An important success was achieved by Đorđević et al.
[34] who revealed the possibility to decrease pesticide levels during the fermentation of wheat by yeasts and lactobacilli. When the amounts of pesticides were 15 times above MRL, the degradation rate constants increased by 594% for pirimiphos methyl in the presence of
Saccharomyces cerevisiae, and 469% for chlorpyrifos due to lactic acid fermentation by
Lp. plantarum.
1.4. Tea, Wine, and Fruit Juices
The only report concerning microbial detoxication of tea is that of Deng et al.
[35]. The study proved the degrading ability of the
Aspergillus niger strain YAT in Chinese brick tea.

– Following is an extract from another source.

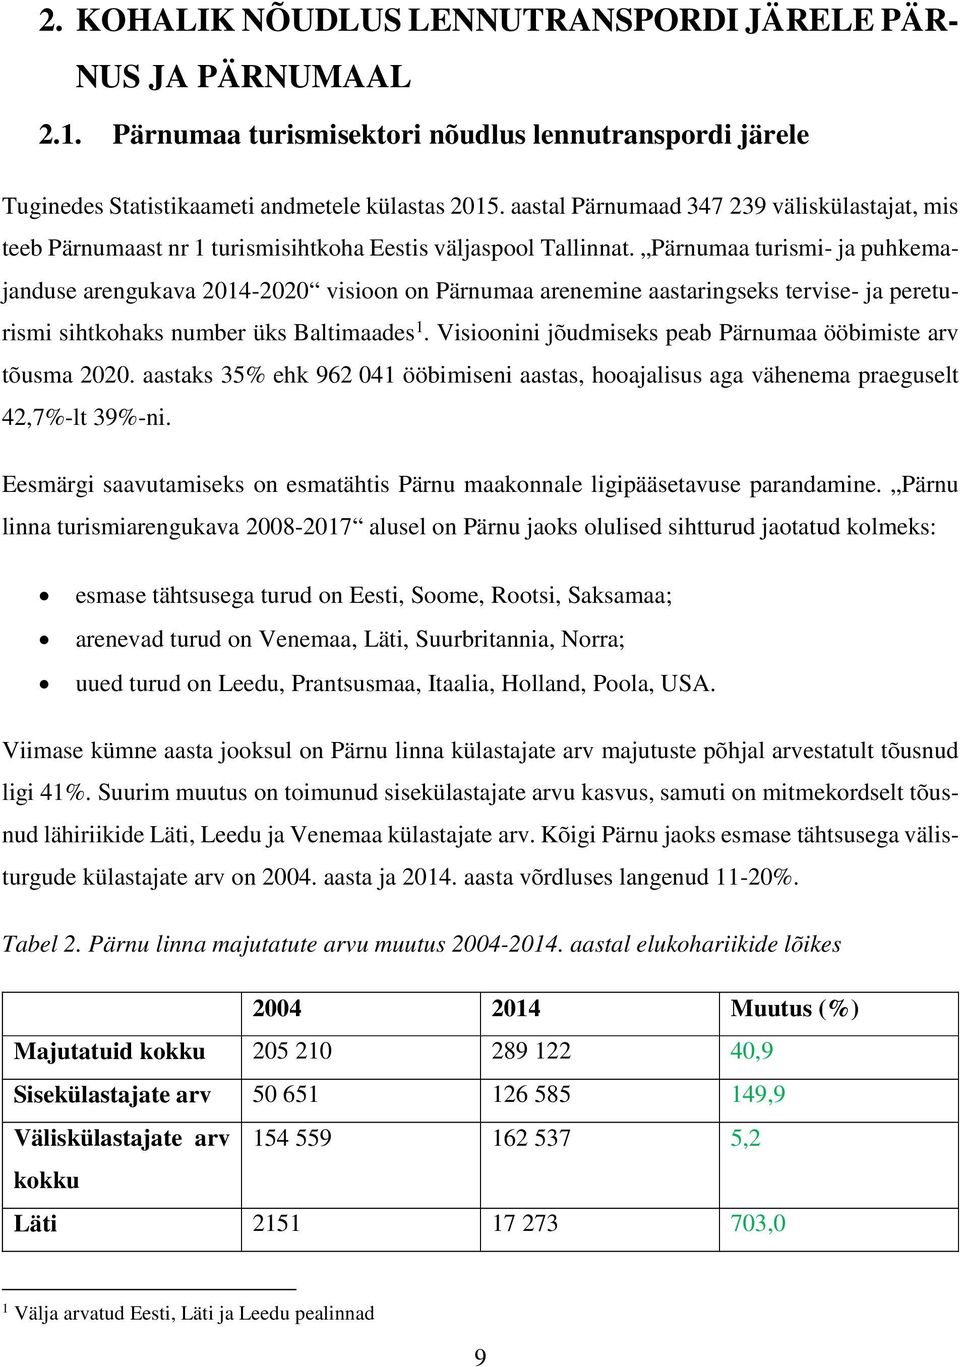 Pärnumaa turismi- ja puhkemajanduse arengukava 2014-2020 visioon on Pärnumaa arenemine aastaringseks tervise- ja pereturismi sihtkohaks number üks Baltimaades 1.
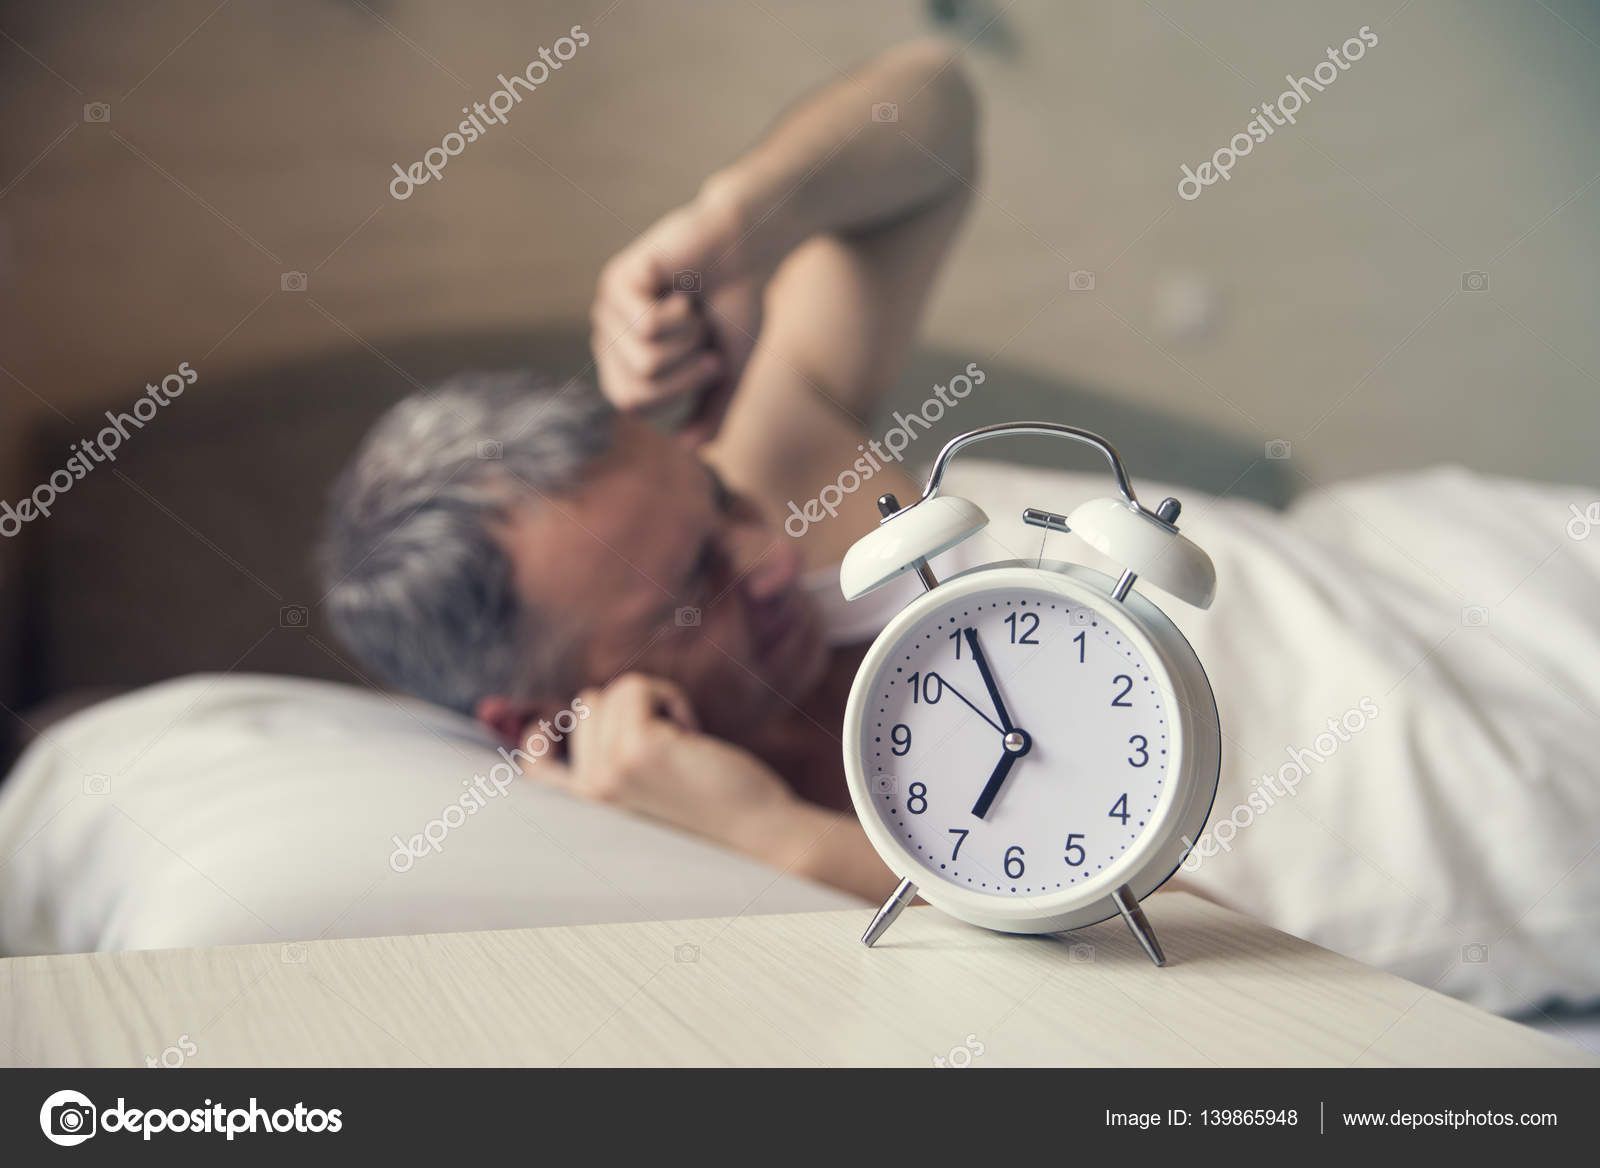 Долгое пробуждение. Человек будильник. Человек в постели утро. Человек проснулся. Спящий человек с будильником.

The strain could degrade 54.83% of β-cypermethrin in 7 days and 100% of 3-phenoxybenzoic acid in 22 h during tea fermentation. These results indicate that the
A. niger YAT strain has great potential for bioremediation of pyrethroid insecticides in fermented foods. However, due to safety reasons, this is hardly possible.

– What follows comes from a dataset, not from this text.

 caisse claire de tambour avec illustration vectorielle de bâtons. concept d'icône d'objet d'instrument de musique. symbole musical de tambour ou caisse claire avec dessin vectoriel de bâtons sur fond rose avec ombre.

Multiple pesticide residues were found in grapes and wines, such as fungicides boscalid, penconazole, pyrimethanil, fenhexamid, and iprovalicarb
[36]. Actually, 79 different pesticides could be detected in grapes
[37], most of them hindering the proper fermentation process of wine and irreversibly changing its aroma
[38].
LAB species from the genera
Lactobacillus,
Leuconostoc, and
Pediococcus were found to detoxicate red wine.
Oenococcus oeni, the most promising species, was able to significantly reduce the concentrations of chlorpyrifos, dicofol, chlorothalonil, and procymidone by 70, 40, 35, and 25%, respectively
[39]. Another study by González-Rodríguez et al.
[40] reported about 86% decrease in tebuconazole during coupled fermentation of red wine by
Saccharomyces cerevisiae and
O. oeni.
Rezaei et al.
[41] investigated the ability of probiotic
L. acidophilus to detoxify apple juice from diazinon (1–5 mg/L). The strain efficiently reduced the pesticide concentration after 72 h and eliminated all traces of it after 28 days of cold storage.
1.5. Meat and Sausages
Abou-Arab et al.
[42] investigated the effect of starter cultures on the degradation of DDT and lindane during the fermentation of meat products and sausages. When
Lp. plantarum and
Micrococcus varians were used as a starter culture and the meat fermentation was prolonged for 72 h, the DDT amount was reduced by 10%, and lindane by 18%.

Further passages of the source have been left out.